Name Type Description Default
length Optional[int]

"length" of the autoregressive sequence. If None, takes length supplied to constructor during construction of object.

None
initial_state Optional[float]

initial state of the distribution. If None, takes mean

None

Returns:

Type Description
float

returns the mean

sample(rng_key: jr.PRNGKey, length: Optional[int] = None, initial_state: Optional[float] = None, sample_shape=())

Sample from the distribution.

Parameters:

Name Type Description Default
rng_key PRNGKey

a random key for seeding

required
length Optional[int]

length of sequence

None
initial_state Optional[float]

an initial value

None
sample_shape

a tuple of the form (shape,)

()

Returns:

Type Description
Array

returns an array of values

Models

ramsey.experimental.BNN

Bases: Module

A Bayesian neural network.

The BNN layers can a mix of Bayesian layers and conventional layers.
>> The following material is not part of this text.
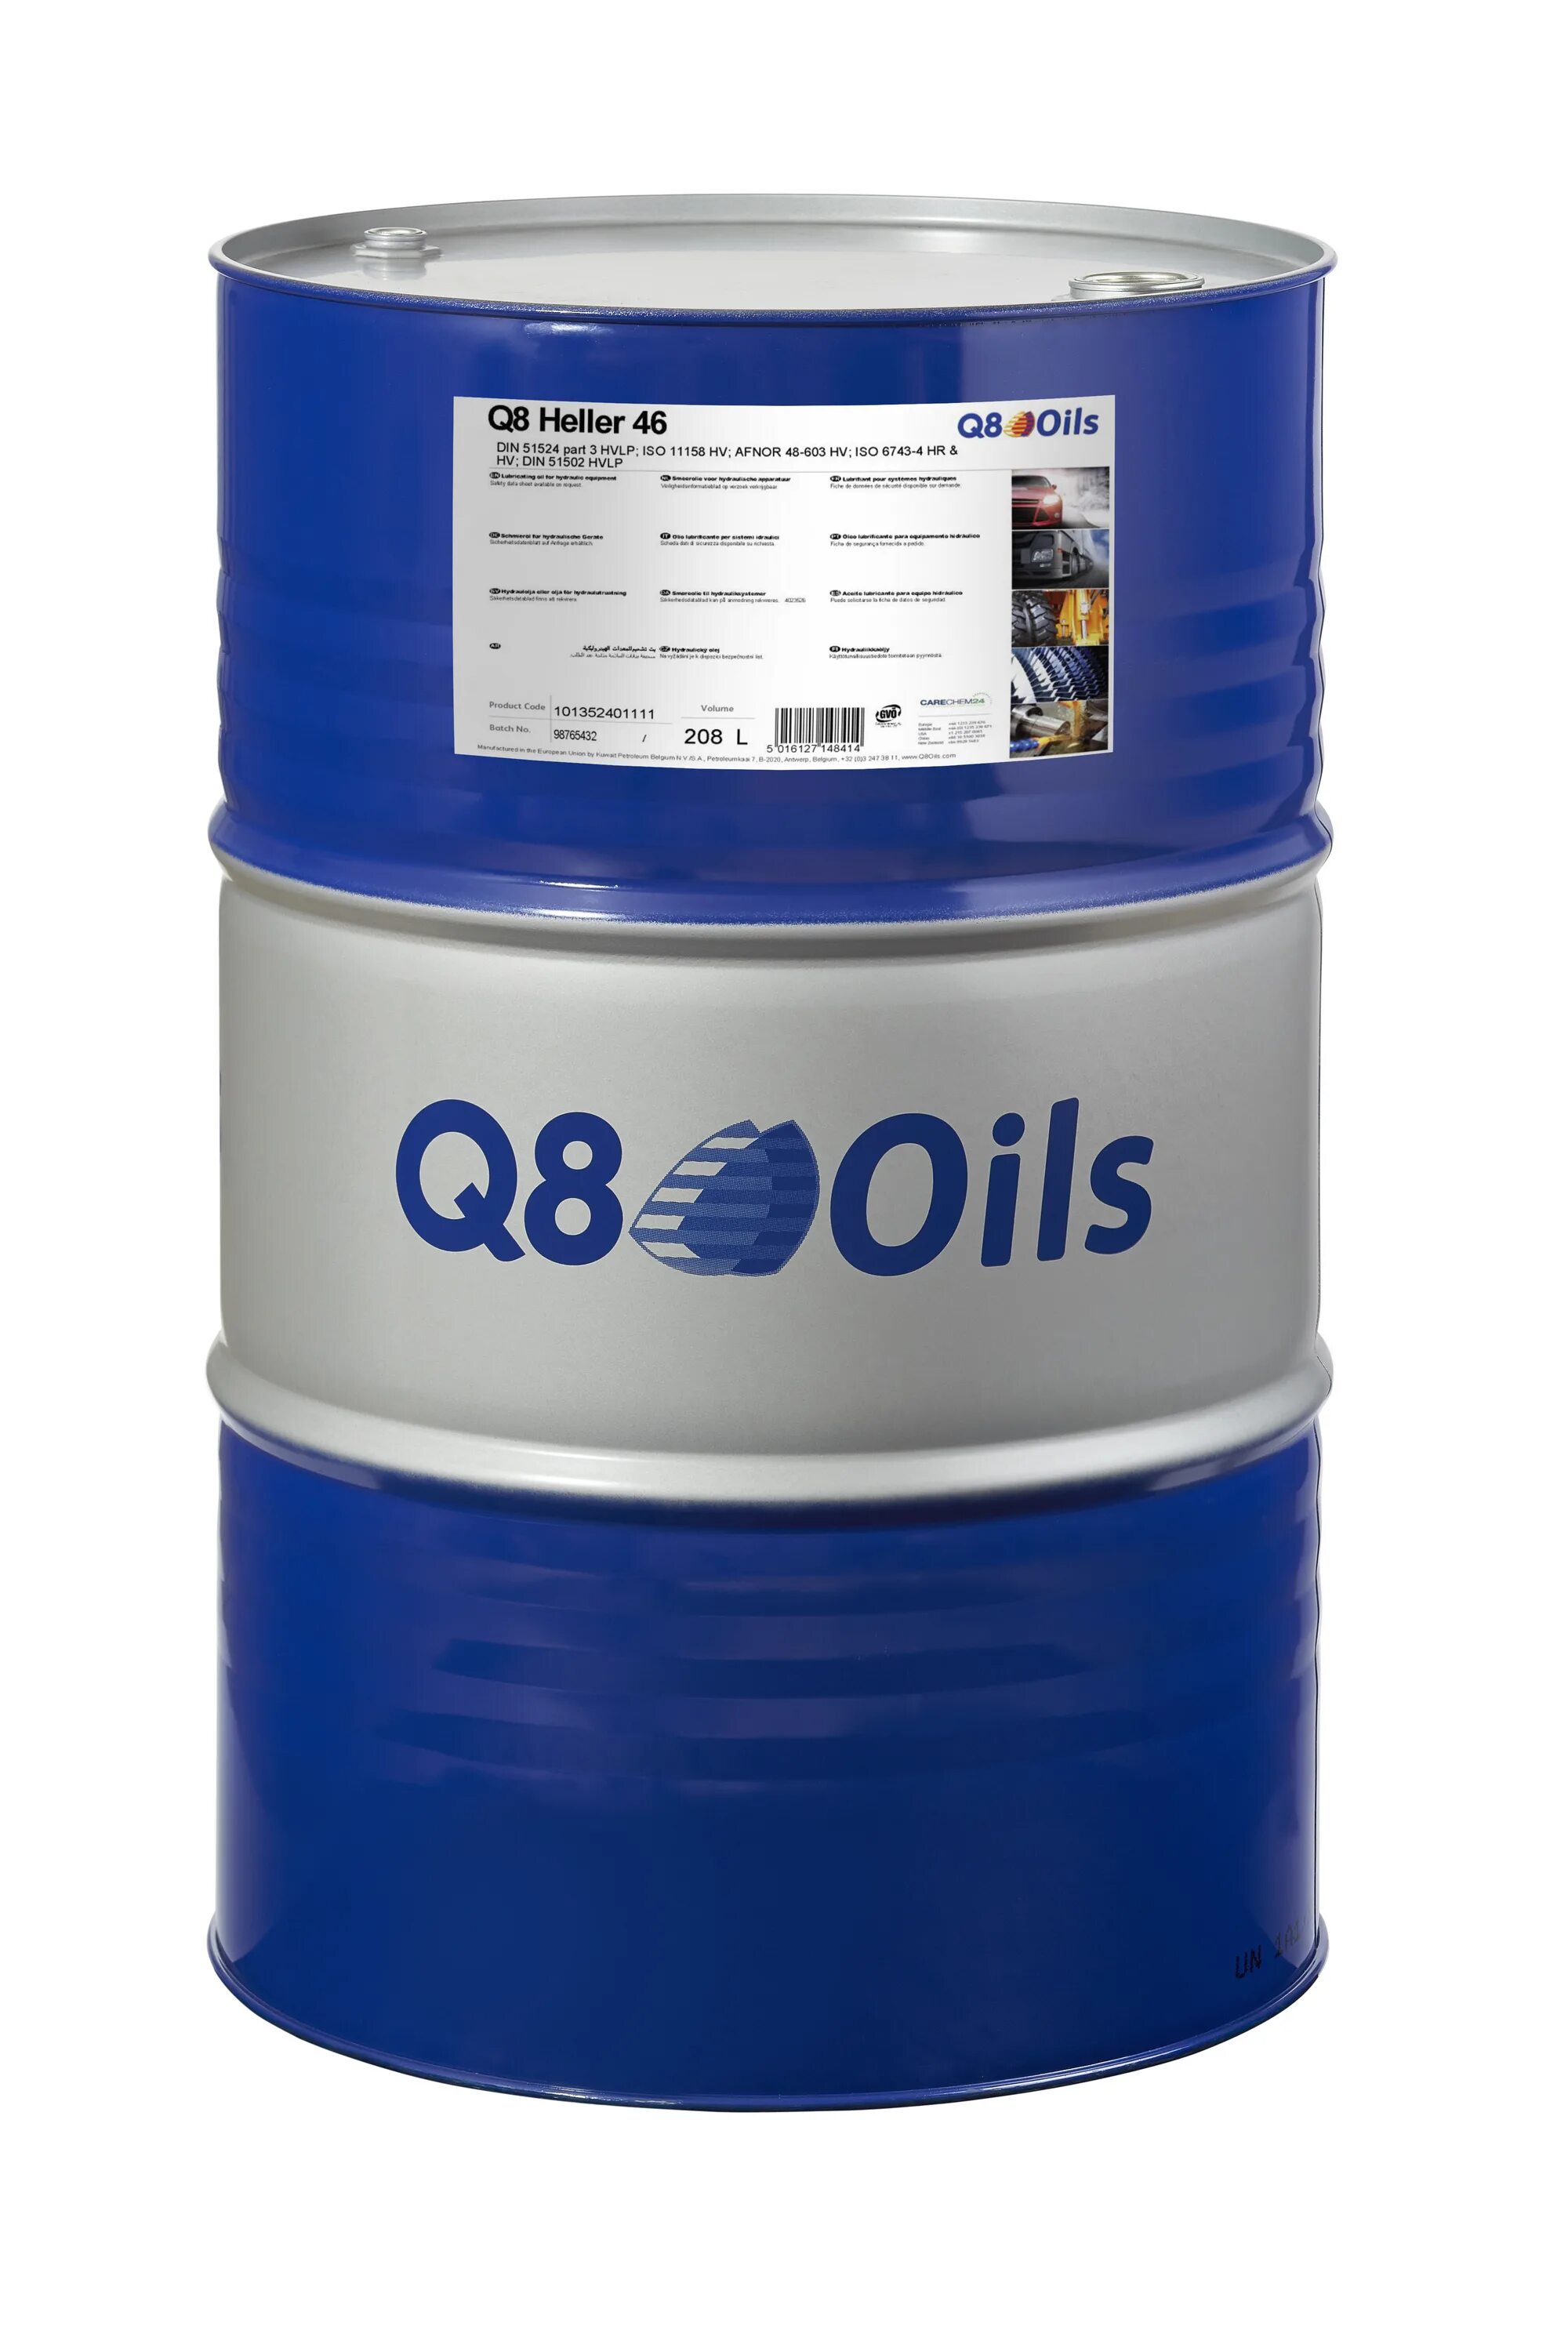 Q8 Oils 200l. Q8 EVO 208l CVT масло. Масло q8 Haydn 46. Смазка литиевая q8oils. Гидравлическое масло 8

The training objective is the ELBO and is calculated according to [1].

Attributes:

Name Type Description
layers Iterable[Module]

layers of the BNN

family Family

exponential family of the response

References

[1] Blundell C., Cornebise J., Kavukcuoglu K., Wierstra D. "Weight Uncertainty in Neural Networks". ICML, 2015.

family: Family = Gaussian() class-attribute instance-attribute

layers: Iterable[nn.Module] instance-attribute

__call__(x: Array, **kwargs)

Transform the inputs through the Bayesian neural network.

Parameters:

Name Type Description Default
inputs

Input data of dimension (*batch_dims, spatial_dims..., feature_dims)

required
**kwargs

Keyword arguments can include: - outputs: jax.Array. If an argument called outputs is provided, computes the loss (negative ELBO) together with a predictive posterior distribution

{}

Returns:

Type Description
Union[distribution, Tuple[distribution, float]]
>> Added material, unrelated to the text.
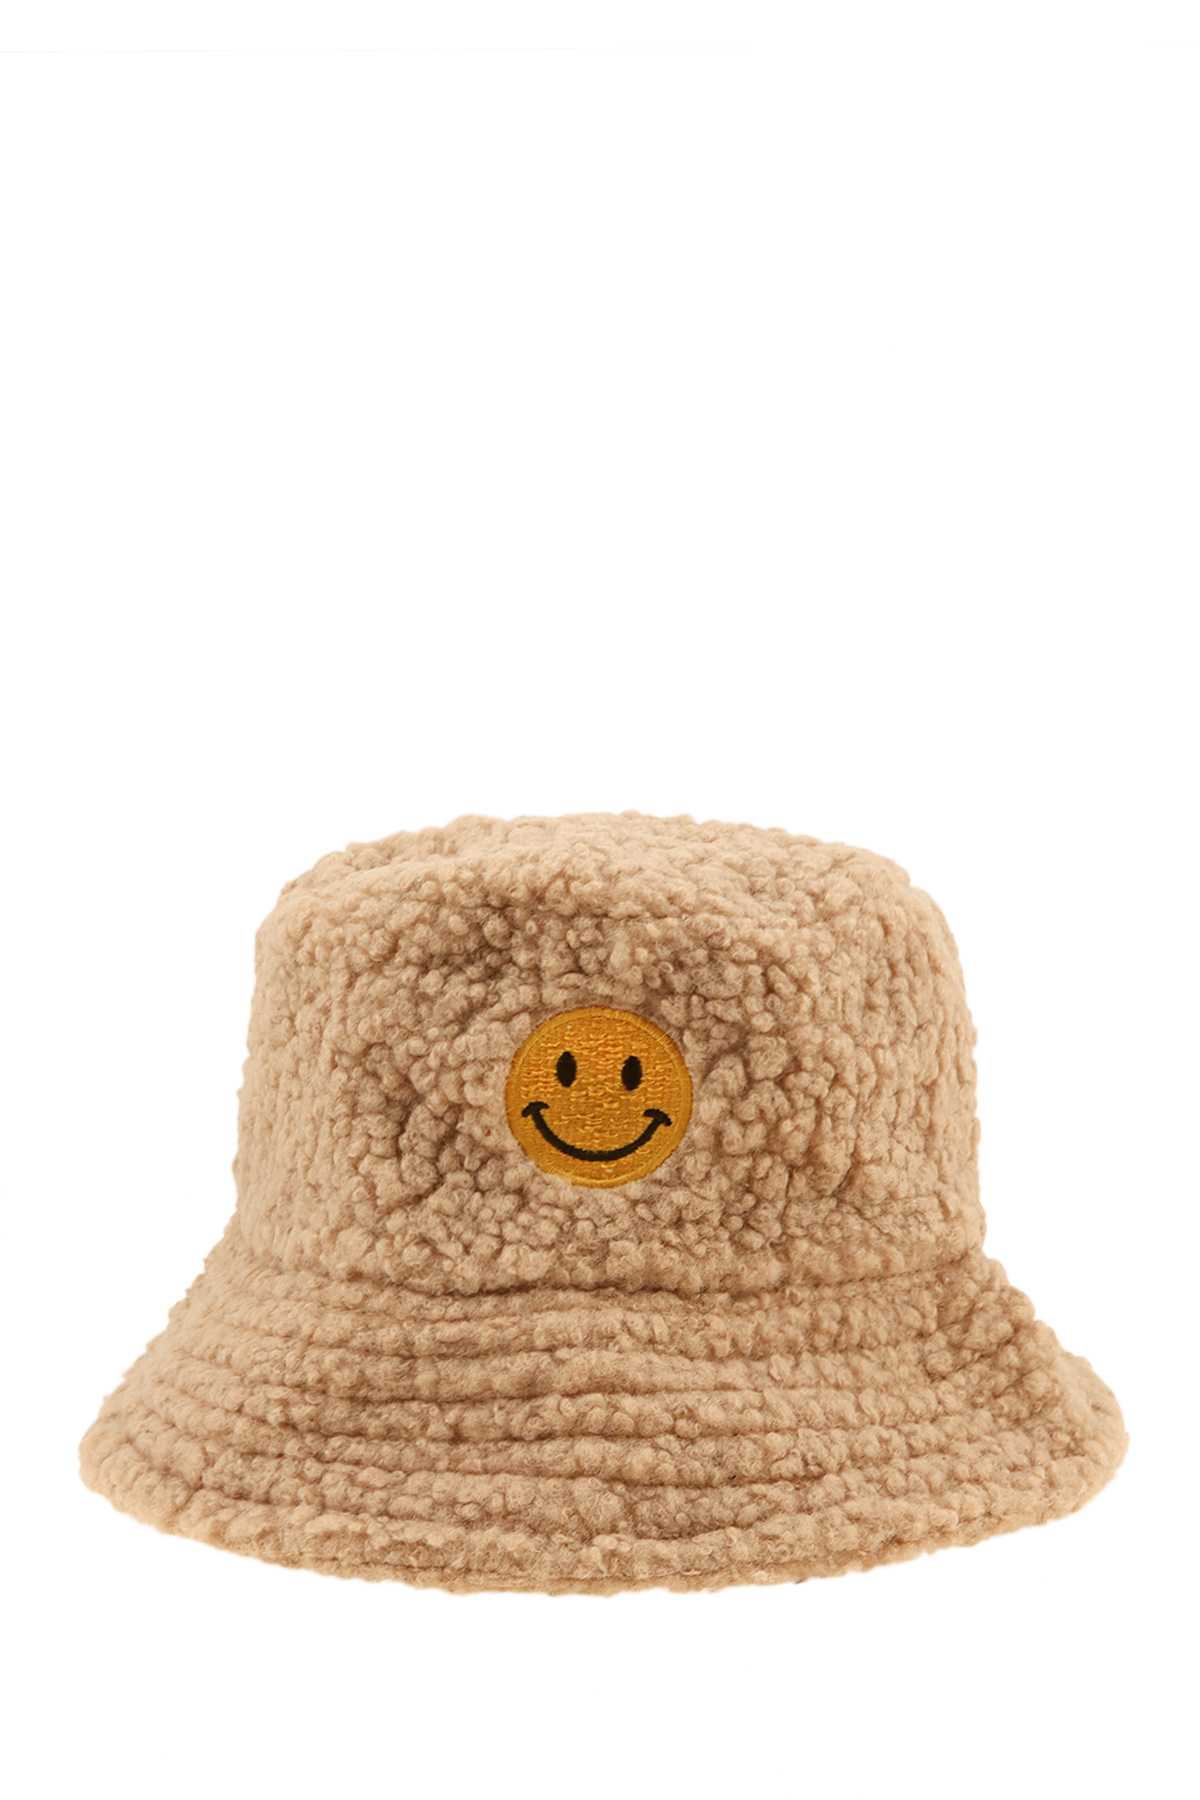 Fleece Bucket Hat with Smile Accent

if 'outputs' is provided as keyword argument, returns a tuple of the predictive distribution and the negative ELBO which can be used as loss for optimzation. If 'outputs' is not provided, returns the predictive distribution only.

ramsey.experimental.RANP

Bases: ANP

A recurrent attentive neural process.

Implements the core structure of a recurrent attentive neural process cross-attention module.

Attributes:

Name Type Description
decoder Sequential

the decoder can be any network, but is typically an MLP. Note that the last layer of the decoder needs to have twice the number of nodes as the data you try to model

latent_encoder Optional[Tuple[Module, Module]]

a tuple of two nn.Modules. The latent encoder can be any network, but is typically an MLP. The first element of the tuple is a neural network used before the aggregation step, while the second element of the tuple encodes is a neural network used to compute mean(s) and standard deviation(s) of the latent Gaussian.

deterministic_encoder Optional[Tuple[Module, Attention]]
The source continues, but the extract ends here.